The job was cancelled again!

  • 3rd version was for k=31 (based on documentation in Uppmax):
#!/bin/bash -l

#SBATCH -A g2016025
#SBATCH -p node
#SBATCH -n 4
#SBATCH -t 13:00:00
#SBATCH -J sprucecp_assembly_abyss_5

module load gcc openmpi
module add bioinfo-tools abyss/1.9.0

#cd /proj/g2016025/Group1/data

# Commands
abyss-pe np=$SLURM_NPROCS name=chloro k=31 in='/proj/g2016025/Group1/data/z4006c01.g.ipe.1.fq /proj/g2016025/Group1/data/z4006c01.g.ipe.2.fq'

The assembler run normally and perfect! I realized that my main problem was the time, since I tried to run for shorter time than it should be! It took around 8 hours!

Comments:

  • pe: the reads are paired end

  • name: name of the output file

  • k=31: means that k is 31 in the de Bruijn graph

  • in: the input file which contains the reads. Where the reads have the suffix /1 and /2 which means the forward and reverse reads belonging in the same fragment.

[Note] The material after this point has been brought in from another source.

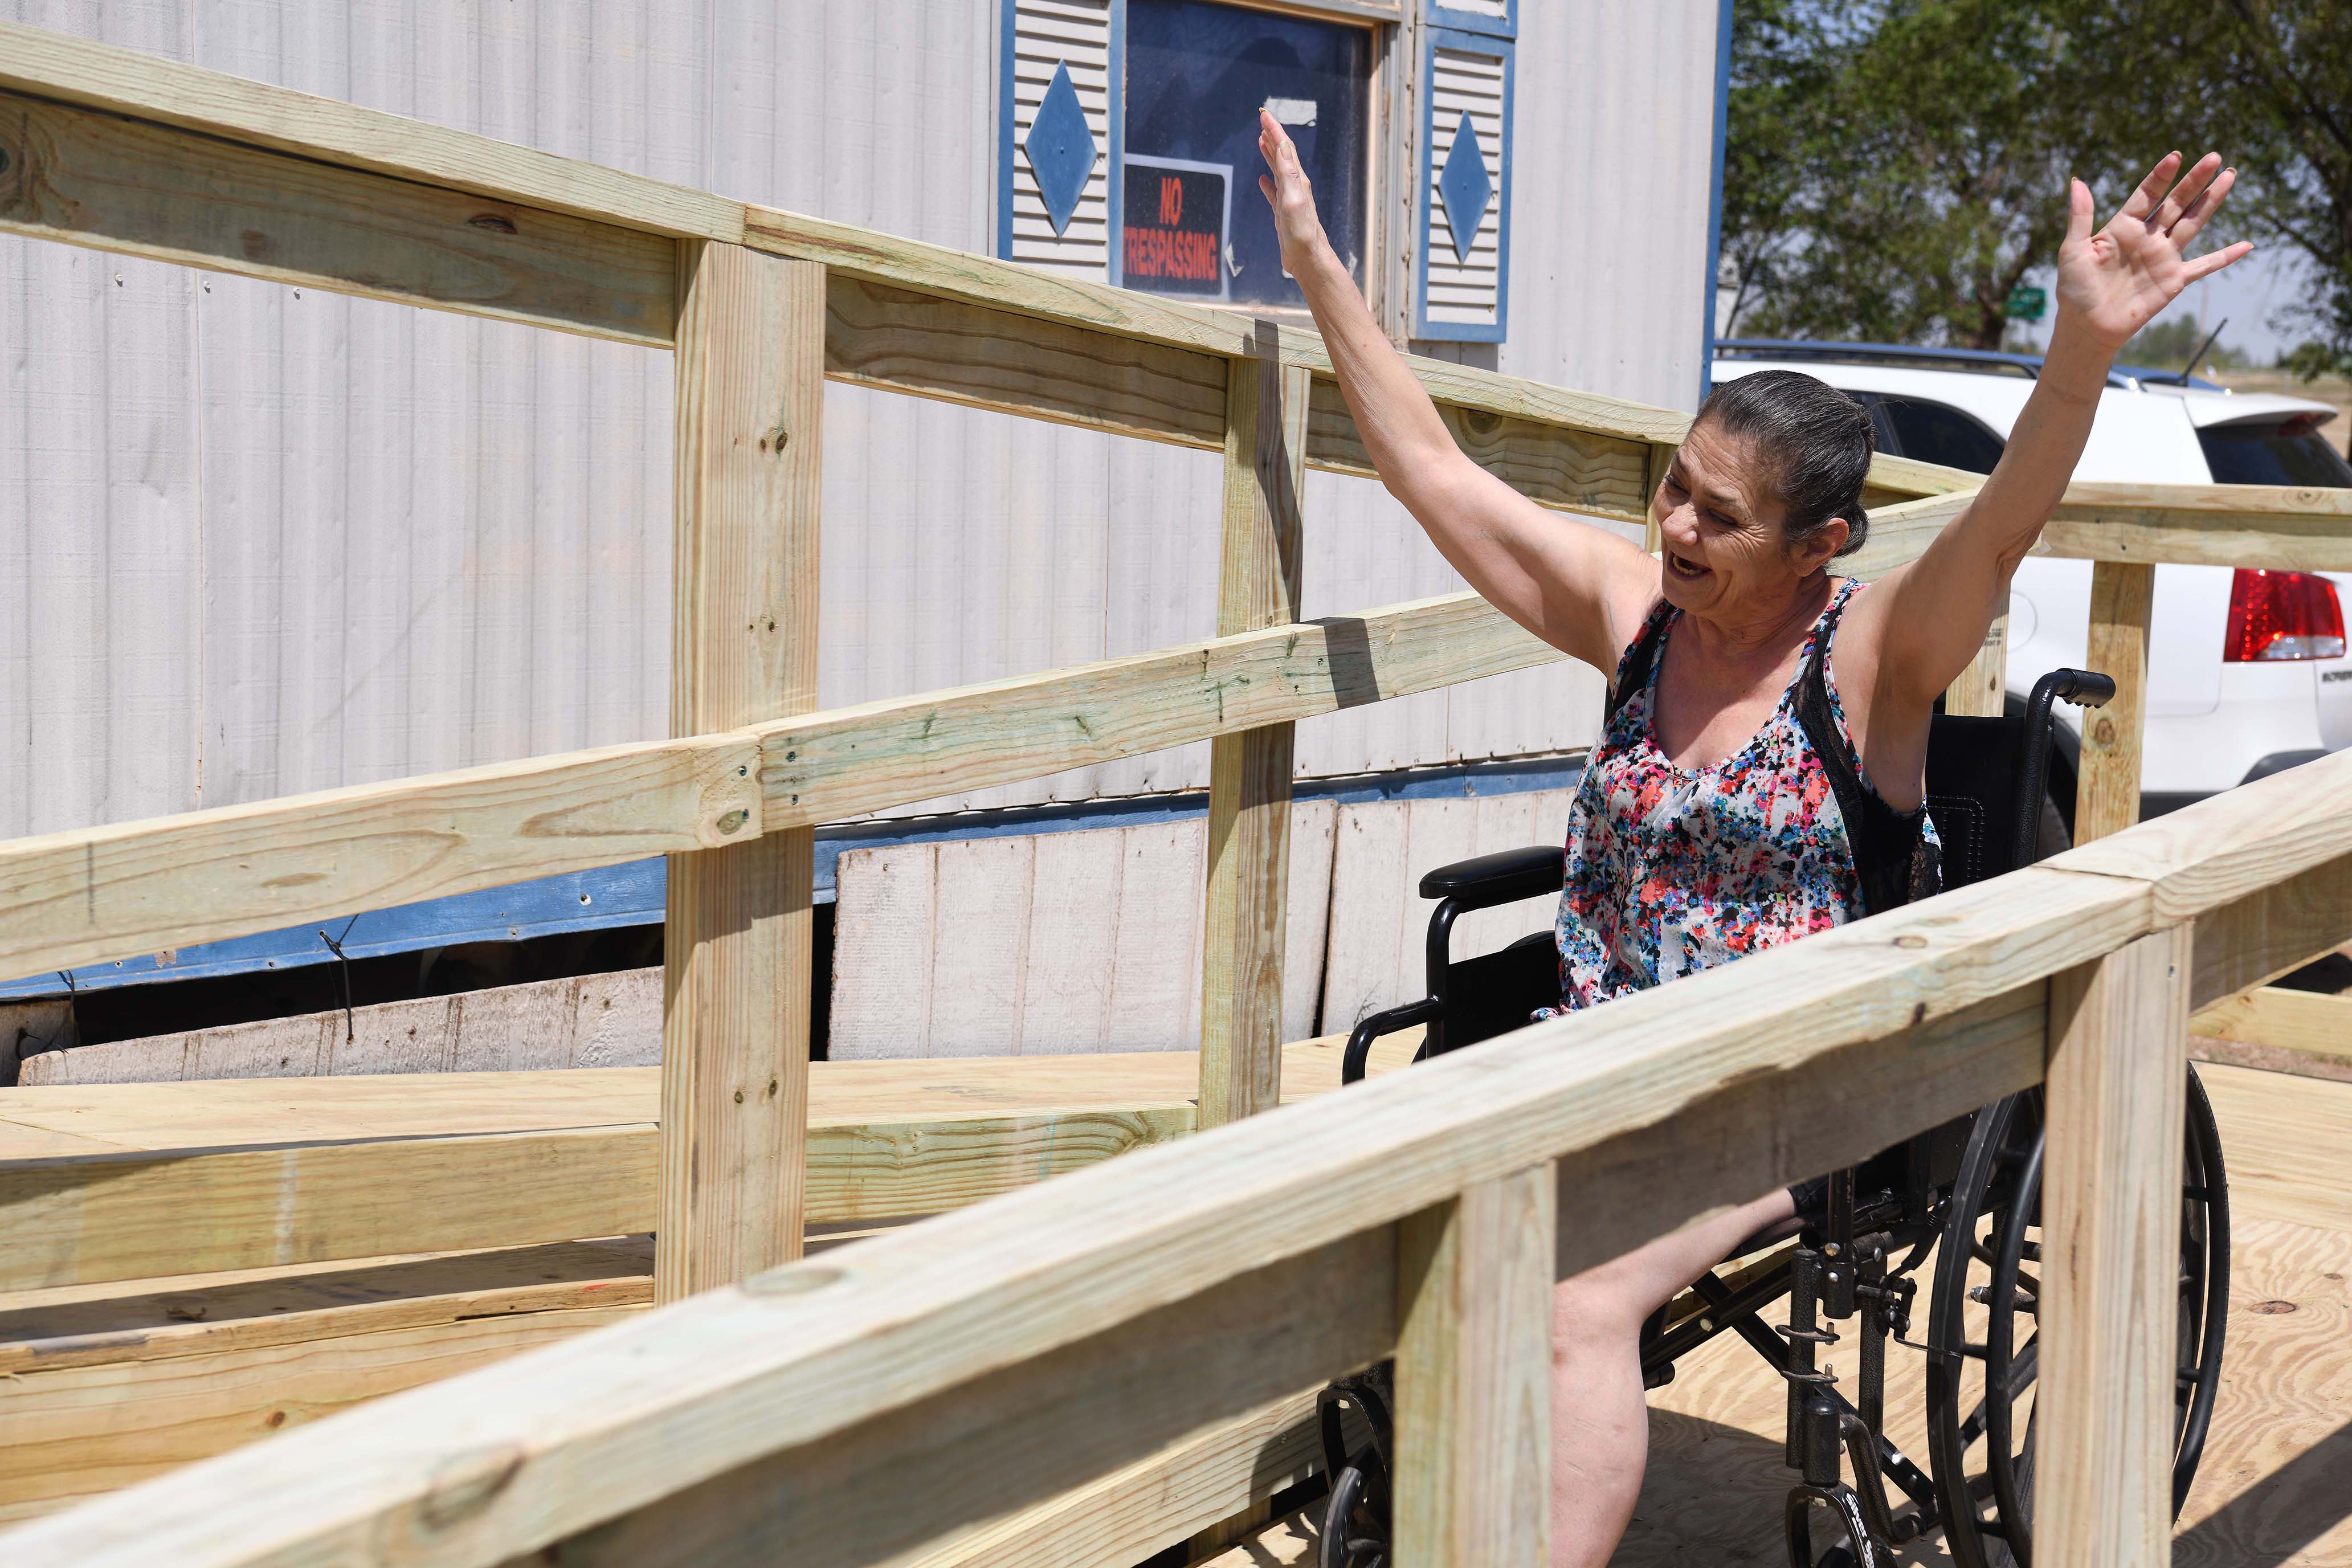 Pantex volunteers made a difference for four community members with ramps built for the Texas Ramp Project during the 2022 United Way Day of Caring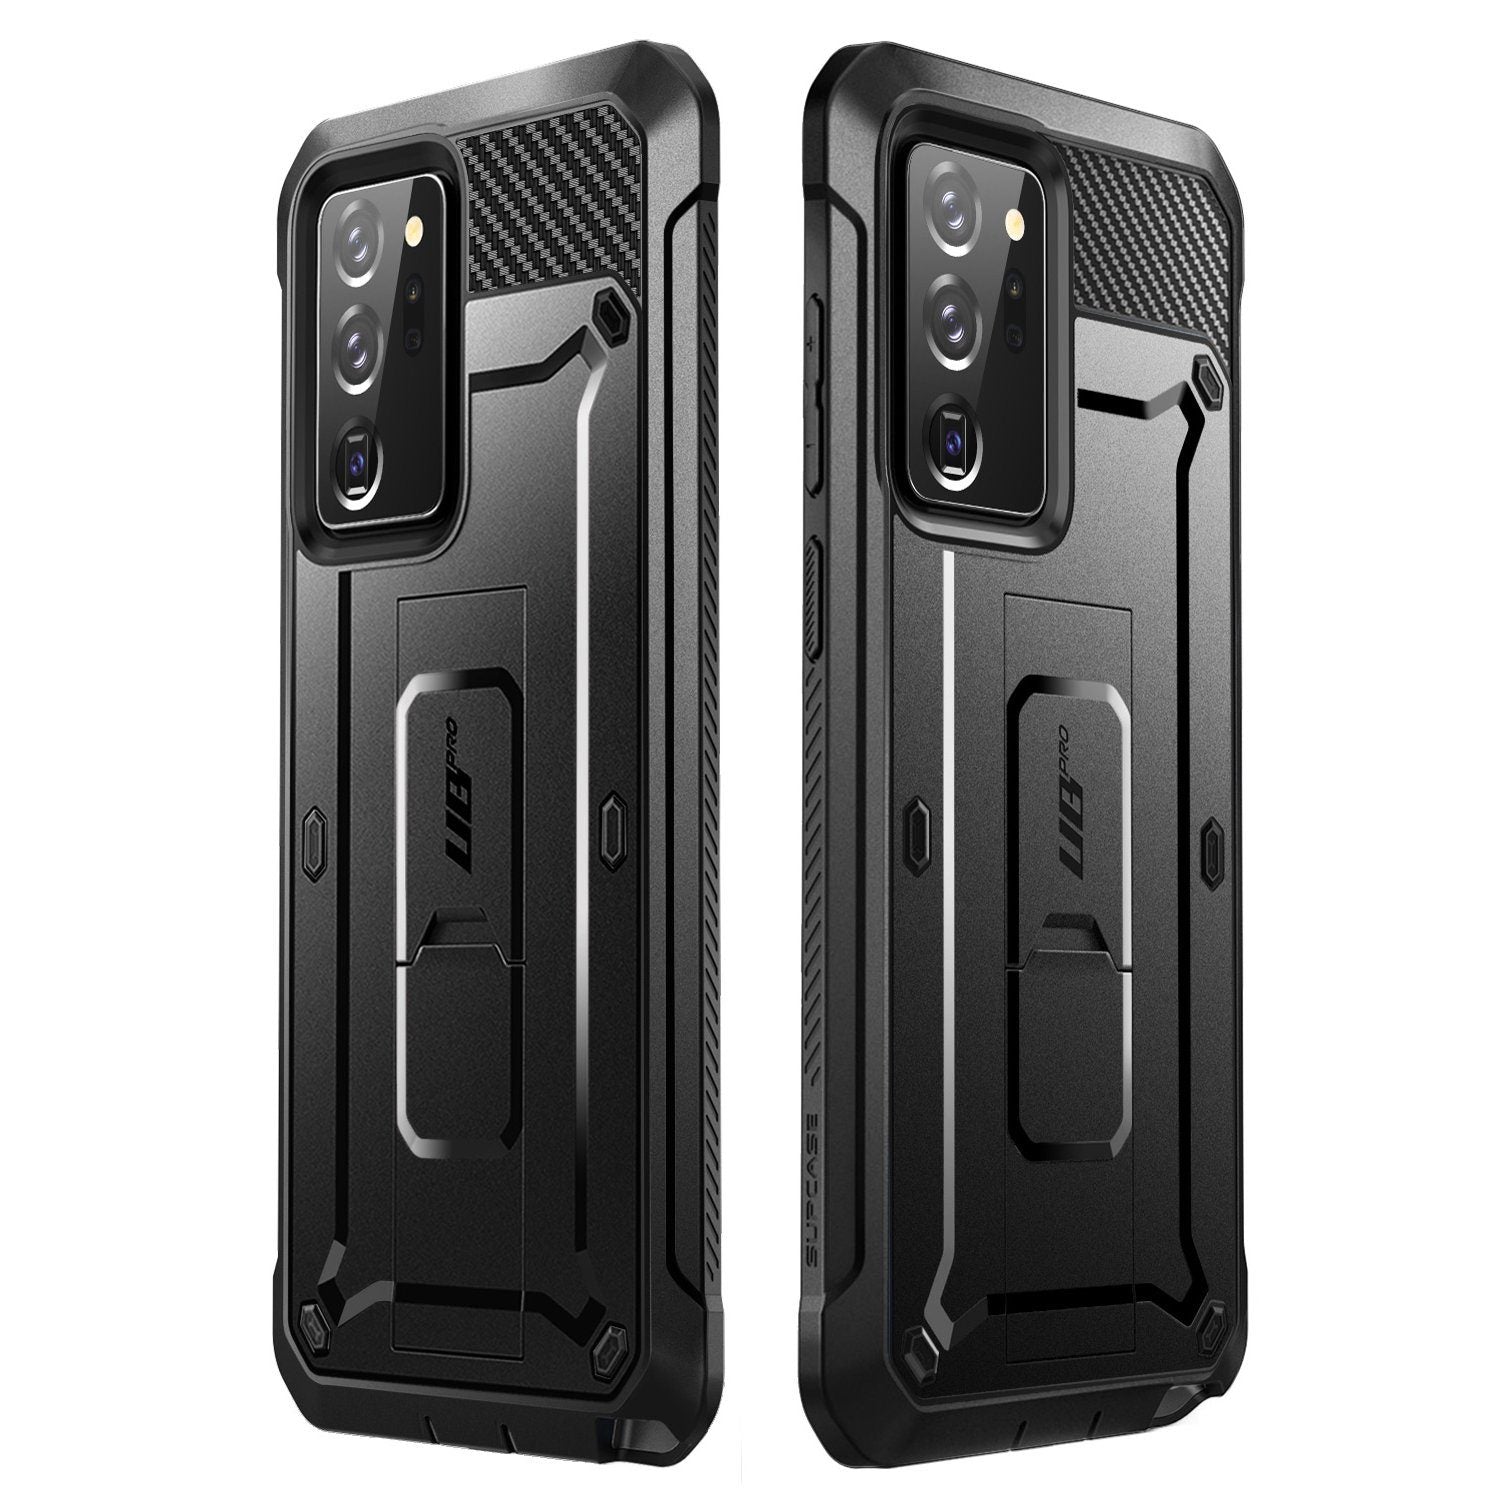 Supcase UB Pro Series Full-Body Rugged Holster Case for Samsung Galaxy Note 20 Ultra(Without Screen Protector), Black Default supcase

  • Output files from Abyss (help from https://github.com/bcgsc/abyss/wiki/ABySS-File-Formats) :

    • name-contigs.fa Final contigs in Fasta format
    • name-contigs.dot contig overlap graph (Graphviz format)
    • name-bubbles.fa Equal-length variant sequences (fasta format)
    • name-indel.fa Different-length variant sequences (fasta)
    • .dist Estimates the distance between contigs
    • .path Lista of merged contigs
    • .hist Histogram of a library
    • coverage.hist K-mer coverage in histogram
    • -stats Statistics(e.g. N50) for the unitigs, contigs, scaffolds
  • So the output files are: chloro-2.dot1 chloro-4.fa chloro-6.dot chloro-8.f chloro-stats.md
    abyss_k64 chloro-2.fa chloro-4.fa.fai chloro-6.f chloro-bubbles.fa chloro-stats.tab
    Abyss_try1_sbatch.sh chloro-2.path chloro-4.path1 chloro-6.hist chloro-contigs.dot chloro-unitigs.fa
    Abyss_try2_sbatch.sh chloro-3.dist chloro-4.path2 chloro-6.path chloro-contigs.fa coverage.hist
    Abyss_try3_sbatch.sh chloro-3.dot chloro-4.path3 chloro-6.path.dot chloro-indel.fa
    chloro-1.dot chloro-3.fa chloro-5.dot chloro-7.dot chloro-scaffolds.dot reference.fasta
    chloro-1.fa chloro-3.fa.fai chloro-5.fa chloro-7.fa chloro-scaffolds.fa
    chloro-1.path chloro-3.hist chloro-5.path chloro-7.path chloro-stats
    chloro-2.dot chloro-4.dot chloro-6.dist.dot chloro-8.dot chloro-stats.csv

  • The statistics for k=31:

n n.500 L50 min N80 N50 N20 E.size max sum name
2266570 859 306 500 569 736 1126 923 4189 657047 chloro-unitigs.fa
2262606 1312 336 500 654 1065 2576 2027 15765 1357433 chloro-contigs.fa
2262343 1279 308 500 681 1201 2820 2410 18833 1419923 chloro-scaffolds.fa
  • Notes (also for k=64):
    • N50 and E-size should be high as they are somehow here. Because that means that long scaffolds have been assembled
    • L50: number of scaffolds to reach N50. It must be low so that long but few scaffolds have been generated
    • we can observe that max is high which is good because chloroplast genome is circular.